Parlodel ( Bromocriptine ) 2,5 mg is a stimulator of dopamine receptors. Inhibitor of secretions of prolactin.
Indications
Infringements of a menstrual cycle, female barreness.
Parlodel-dependent diseases and the conditions which are accompanied or not accompanied by hyperparlodelemia:
– amenorrhea (accompanied and not accompanied by galactorrhea), oligomenorrhea;
– insufficiency of a lutein phase;
– hyperprolactinemic infringements caused by medical products (for example, some psychotropic or antihypertensive preparations).
Parlodel-dependent female barreness:
– a syndrome of polycystic ovaries;
– anovulatory cycles (in addition to antiestrogen, for example clomiphene).
A premenstrual syndrome:
– morbidity of mammary glands, the hypostases connected with a phase of the cycle, meteorism, infringements of mood.
Hyperprolactinemia at men:
– parlodel-dependent hypogonadism (oligospermia, loss of libido, impotency).
Prolactinomas:
– Conservative treatment of parlodel-secreting micro and macroadenoma of a hypophysis;
– Preoperative preparation for reduction of volume of a tumor and simplification of its removal;
– Postoperative treatment if the level of prolactin remains raised.
Acromegaly:
– As additional means in a complex with radiotherapy and operative treatment or, in special cases, as alternative to surgical or radiotherapy.
Suppression of a lactation:
– Prevention or the termination of a postnatal lactation under medical indications;
– Prevention of a lactation after abortion;
– Postnatal hardening of mammary glands;
– Beginning of puerperal mastitis.
Good-quality diseases of mammary glands:
– mastalgia (in the isolated kind, or in a combination with a premenstrual syndrome or good-quality central or cystic changes);
– Good-quality central and-or cystic changes, especially fibrocystic mastopathy.
Parkinson’s disease:
– All stages of an idiopathic Parkinson’s disease and postencephalitic parkinsonism either in the form of monotherapy, or in a combination with others antiparkinson means.
Collateral action
During first several days of treatment at some patients can be marked a nausea; less often - the dizziness, the general weakness, vomiting, however these phenomena, as a rule, do not demand the termination of treatment.

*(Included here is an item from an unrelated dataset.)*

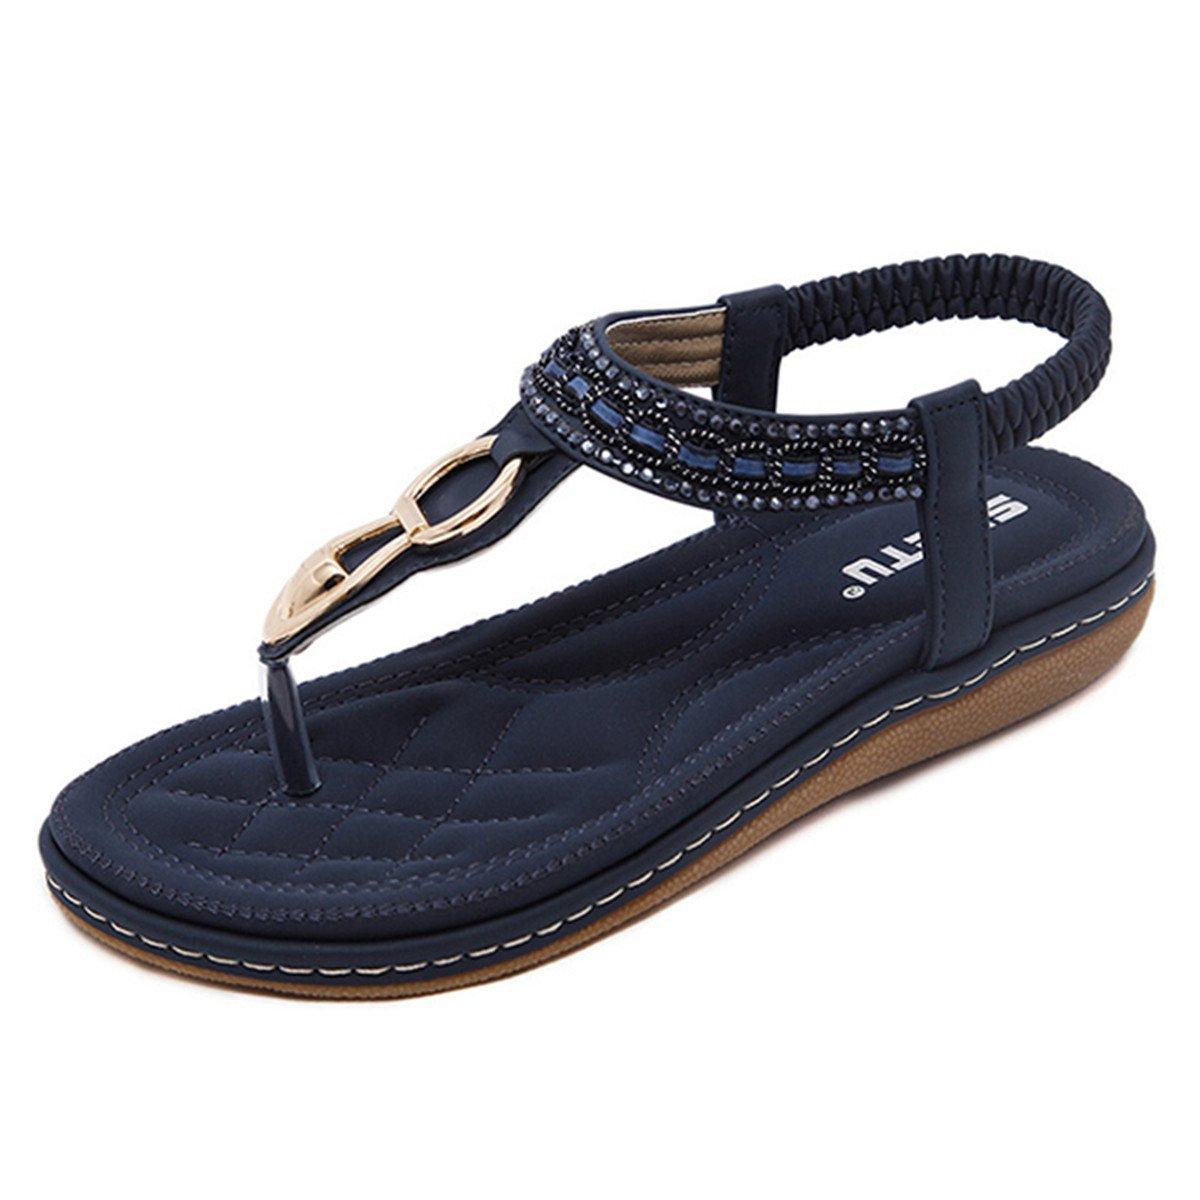 618f473bb70d gracosy Sandalias Planas Verano Mujer Estilo Bohemia Zapatos para Mujer de  Dedo Sandalias Talla Grande 36-44 Cinta Elástica Casuales de Playa ...

Parlodel can cause a hypotension, including the orthostatic hypotension, which sometimes can lead to a collapse; therefore especially in the first days of treatment it is recommended to supervise the ABP.
Besides there are messages on development of blocking in a nose, a lock, drowsiness, headaches and, less often, confusion of consciousness, psychomotor excitation, hallucinations, dyskinesia, dryness in a mouth, spasmes in gastrocnemius muscles, allergic skin reactions and loss of hair. Usually these by-effects are doze-dependent and can be supervised at decrease in doze of Parlodel.
Sometimes at long treatment of cases of temporary whitening of tips of fingers of hands and feet in reply to influence of cold are marked, especially at patients at whom the Reyno’s syndrome earlier was observed.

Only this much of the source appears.